# Given information:
=======

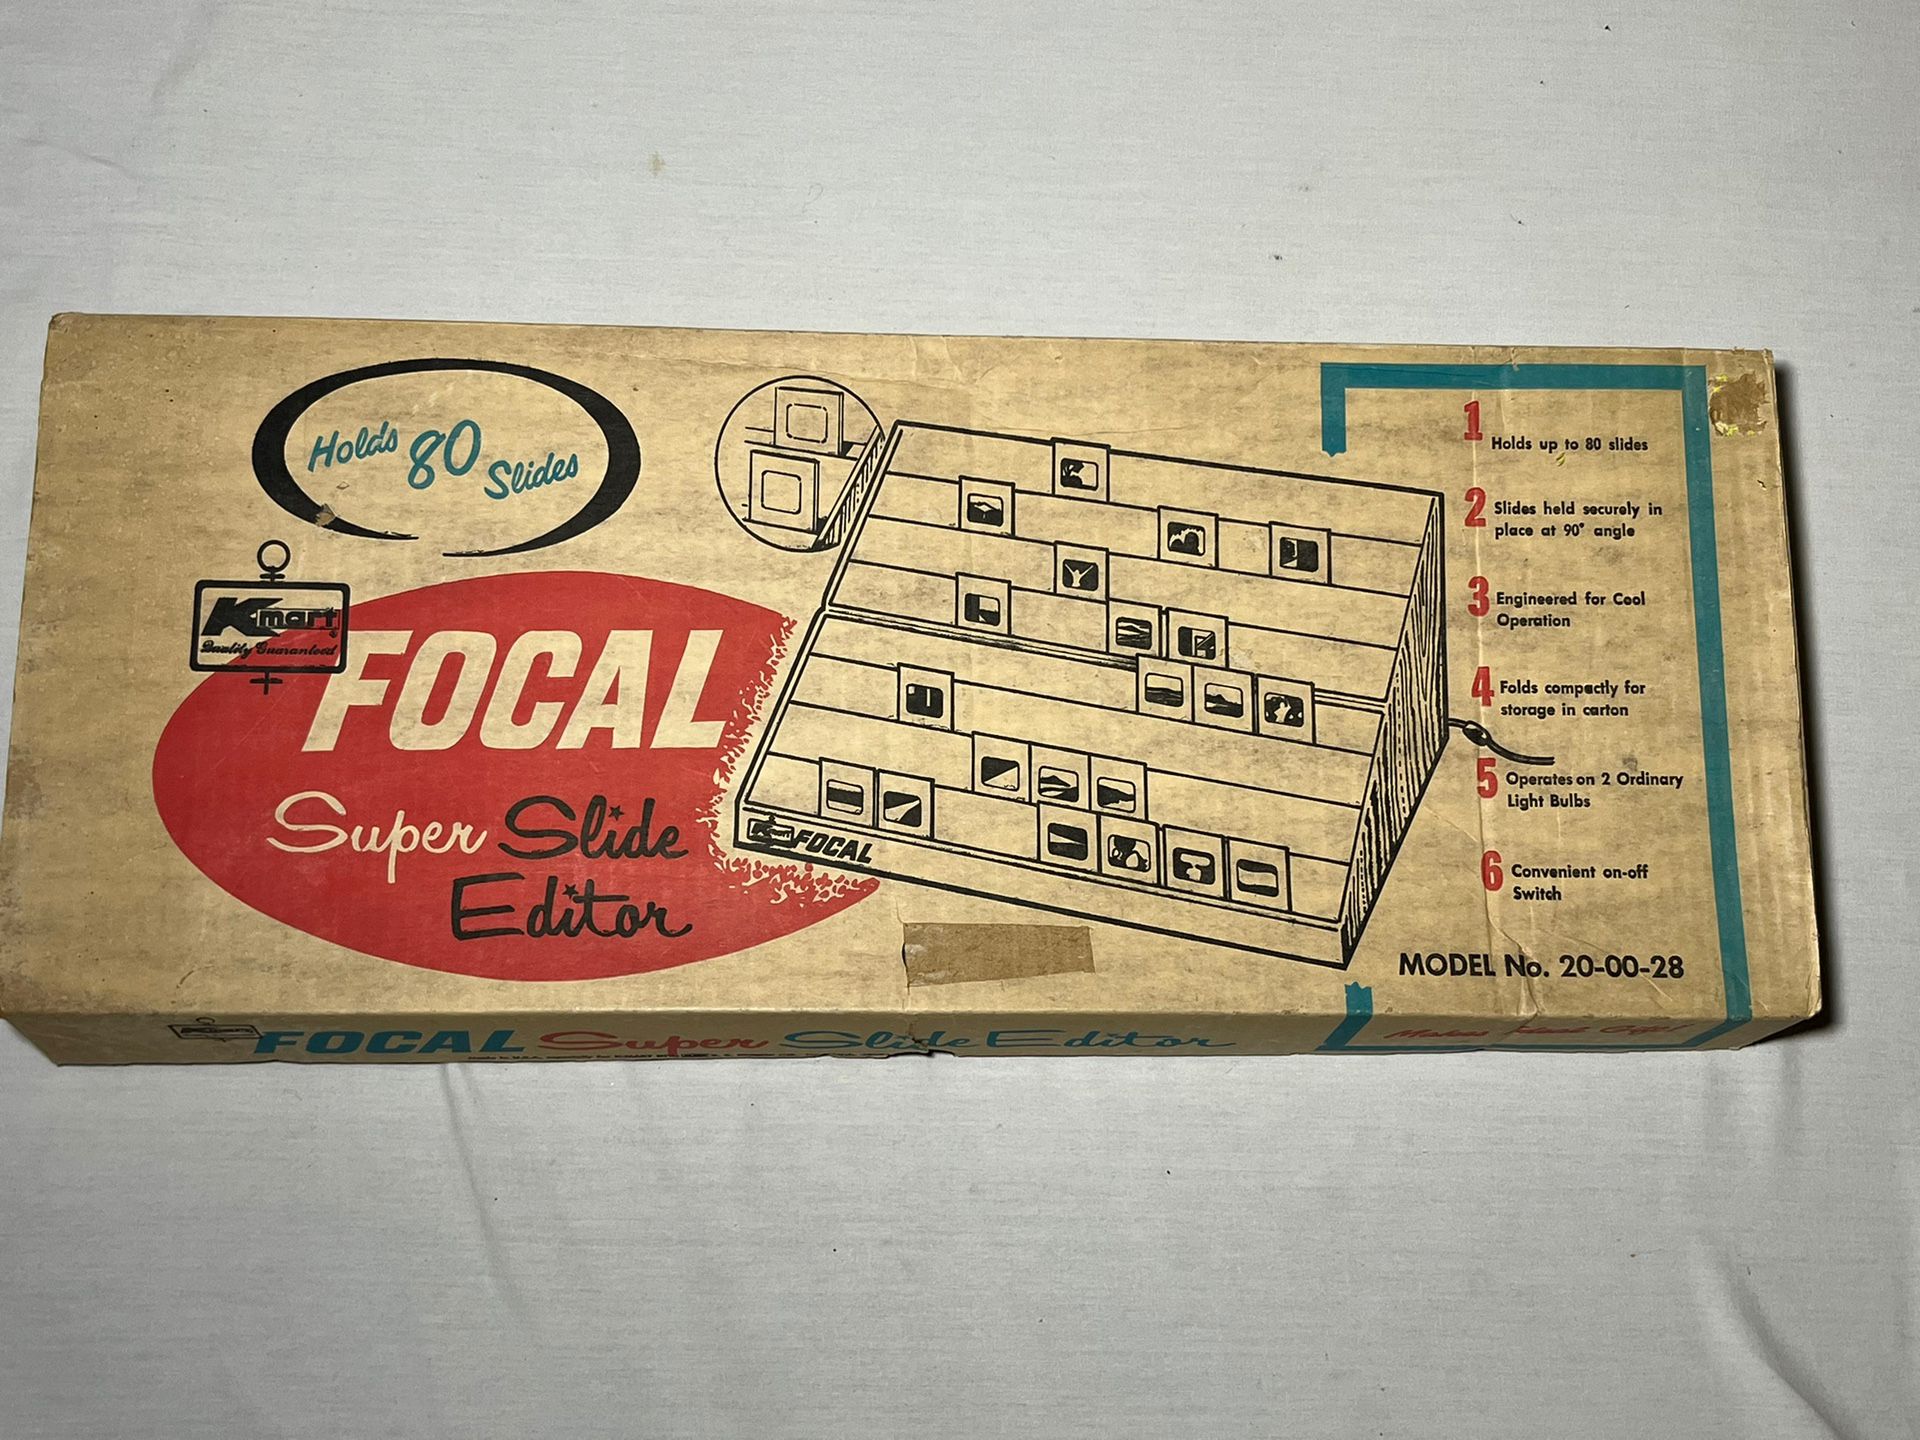 Vintage Kmart Focal Super Slide Editor Original Box Holds 80 slides # 20-00-28
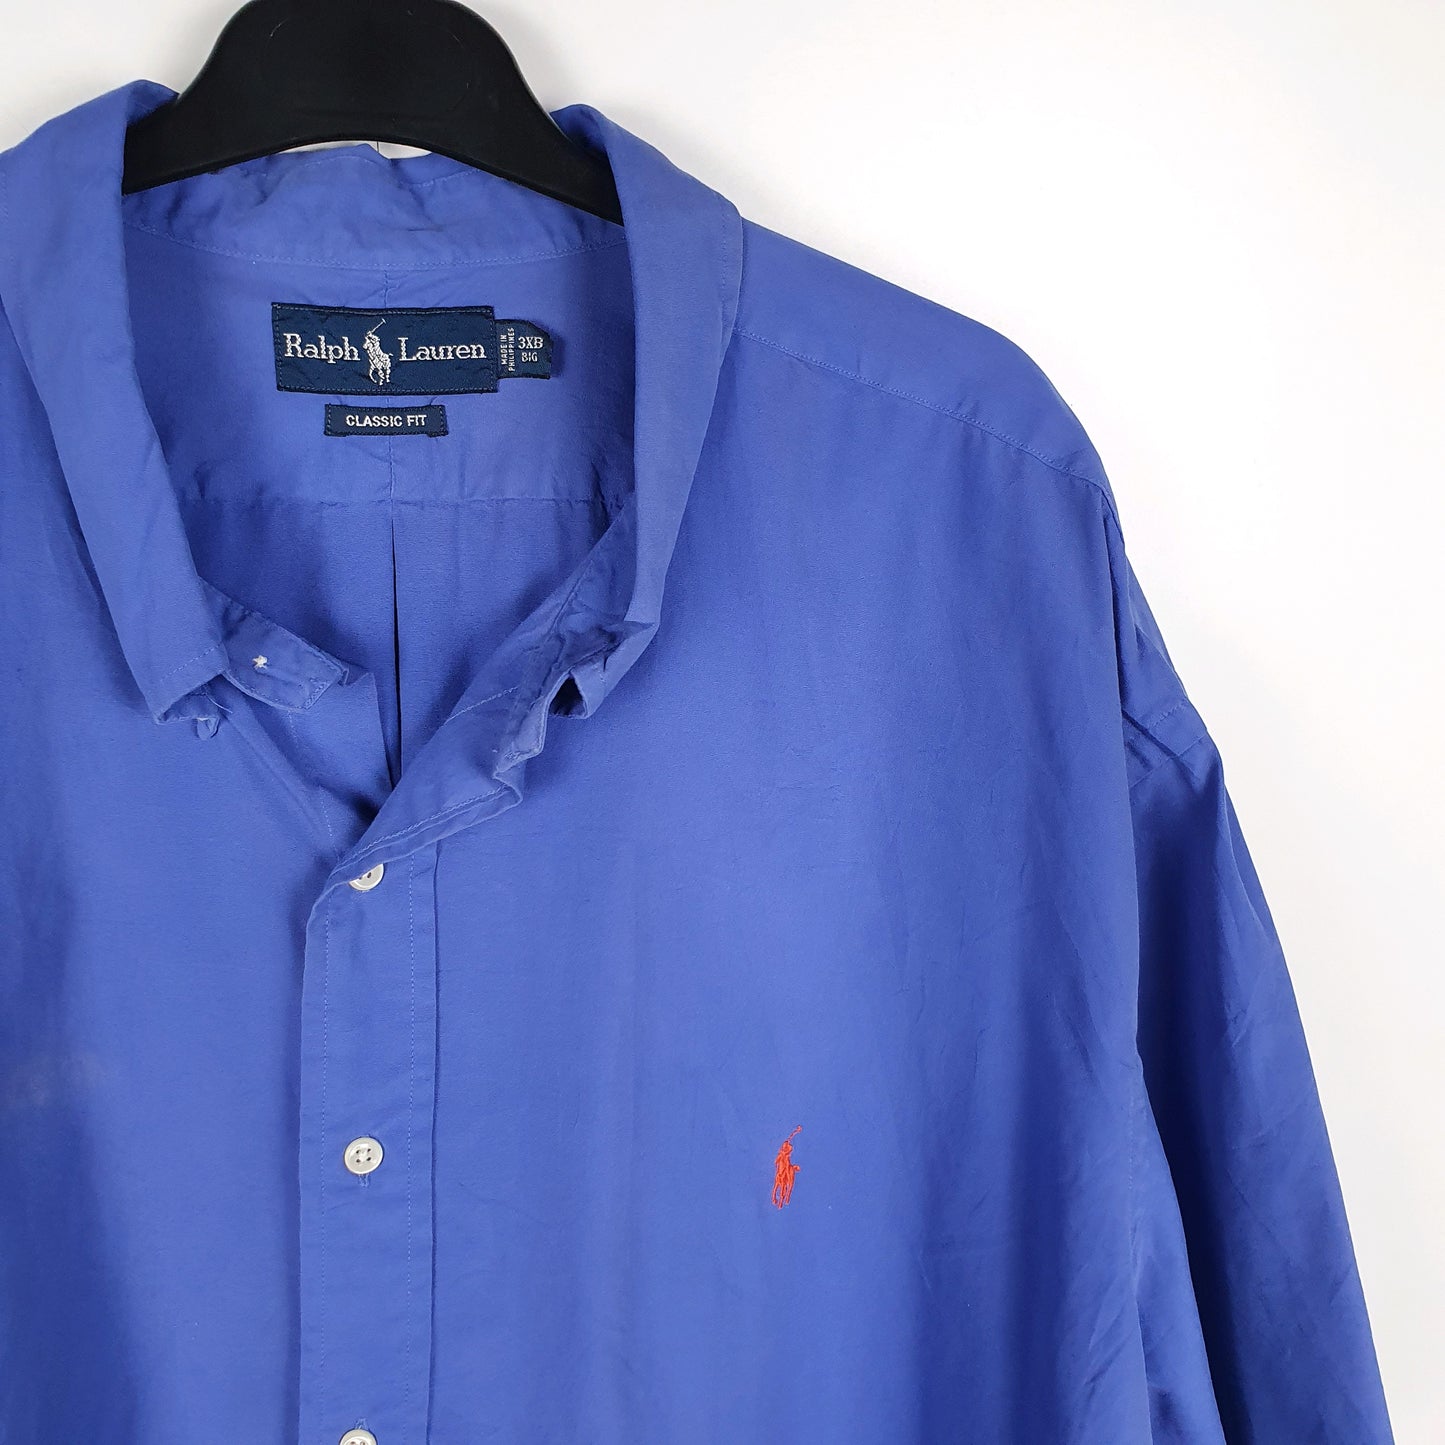 Polo Ralph Lauren Short Sleeve Classic Fit Shirt
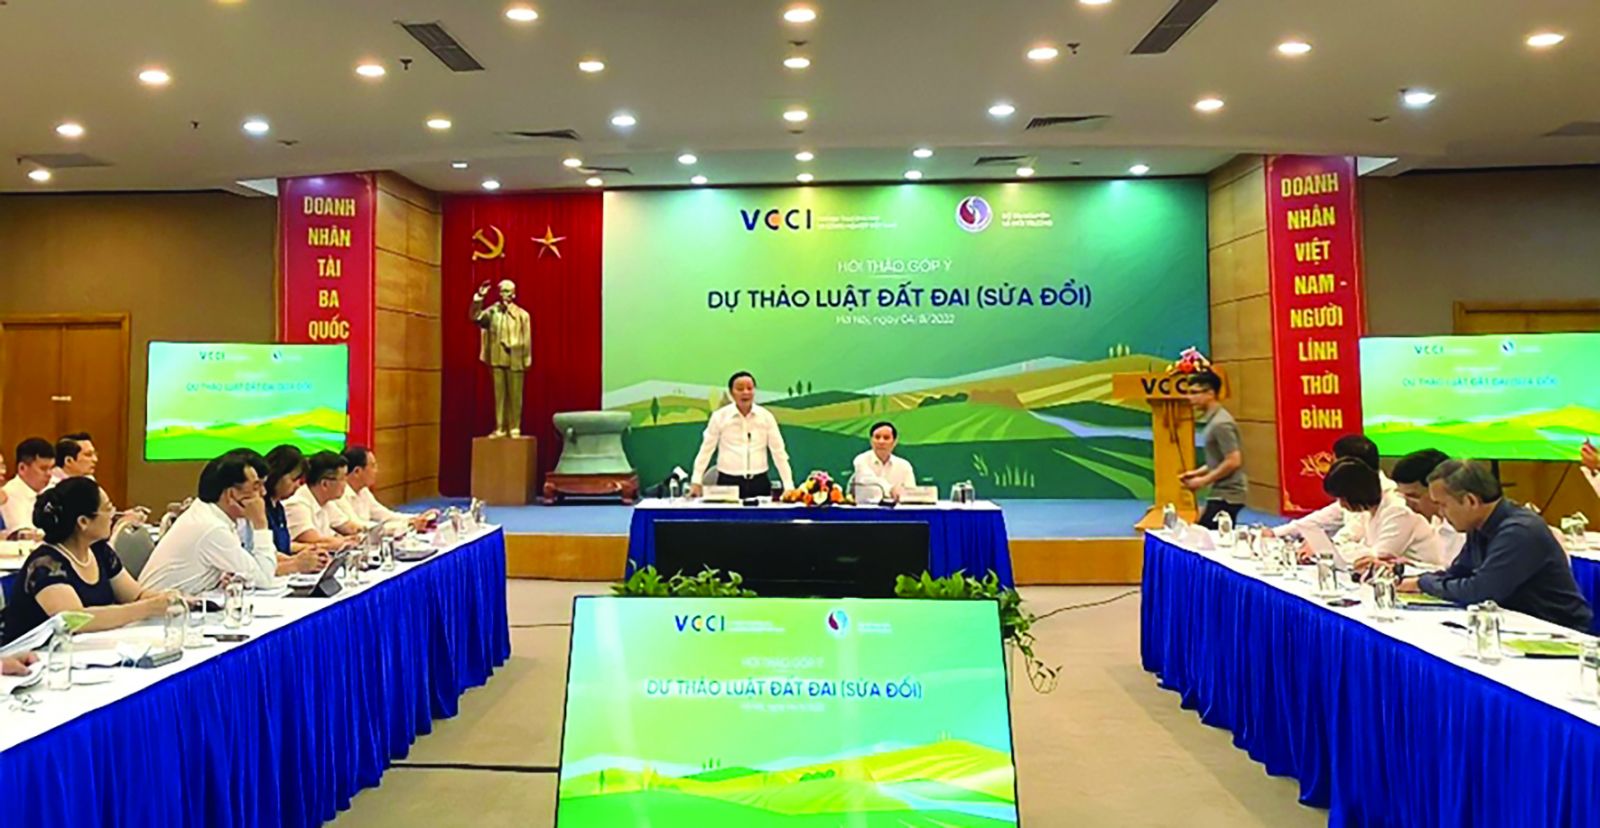  Hội thảo góp ý Dự thảo Luật Đất đai (sửa đổi) do VCCI phối hợp với Bộ Tài nguyên và Môi trường tổ chức.

=======

# Task description:
Print the listing again exactly, please. Keep the pictures out of it.

# Task result:
 Vintage Kmart Focal Super Slide Editor Original Box Holds 80 slides # 20-00-28
 Polo Ralph Lauren Short Sleeve Classic Fit Shirt
  Hội thảo góp ý Dự thảo Luật Đất đai (sửa đổi) do VCCI phối hợp với Bộ Tài nguyên và Môi trường tổ chức.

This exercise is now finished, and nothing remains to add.